Pandey, R., & Straube, R. (2009). Ultra-Sensitivity in a Gene Regualtory Network of Purple Non-Sulfur Bacteria. Poster presented at German Symposium on Sytems Biology 2009, Heidelberg, Germany.


Cite as: http://hdl.handle.net/11858/00-001M-0000-0013-92D1-D
Abstract
Purple non-sulfur bacteria follow a versatile life style. Depending on environmental conditions they can generate cellular energy from oxidative phosphorylation or cyclic photosynthesis. However, the regulatory mechanisms at the genetic level, which are associated with the transition from an oxidizing to a reducing environment, are only poorly understood.

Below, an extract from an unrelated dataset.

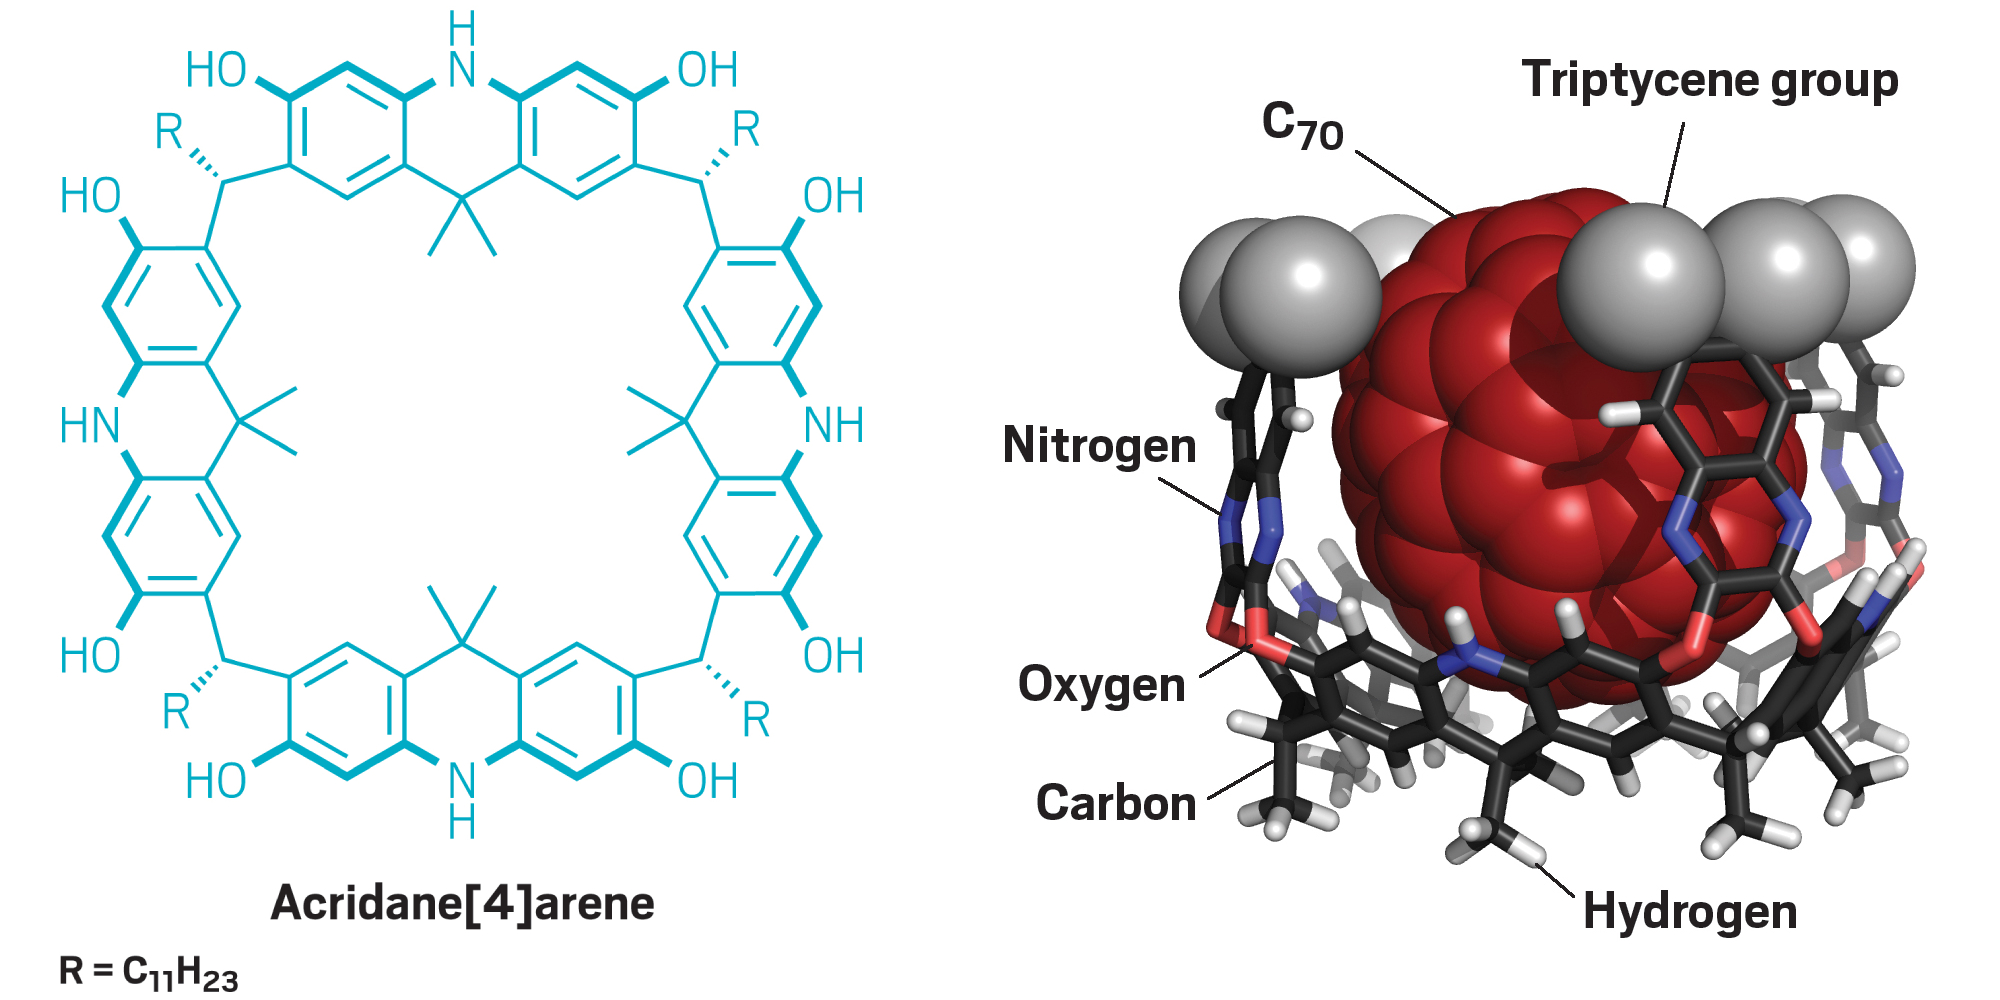 A molecular model shows how the largest of the new cavitands binds C<sub>70</sub>. A structure of acridane[4]arene

It has been hypothesized that the ubiquinone-10 pool, as part of the electron transport chain, might act as a redox sensor which directly interacts with the membrane-bound sensor kinase RegB. Under reducing conditions RegB is activated which, in turn,phosphorylates the transcriptional activator RegA leading to photo-synthetic gene expression. Recent experiments suggest that the gene induction process is highly cooperative in the sense that small changes in the reduction degree of the ubiquinone-10 pool result in considerable changes of the transcriptional activity of RegA. Here, we propose a simple mathematical model which exhibits the desired co-operative behavior if the RegB sensor kinase operates in the zero-order ultra sensitive regime. We also discuss the steady state behavior of the PpsR repressor which represents a second conserved regulator of photosynthetic gene expression in purple non-sulfur bacteria.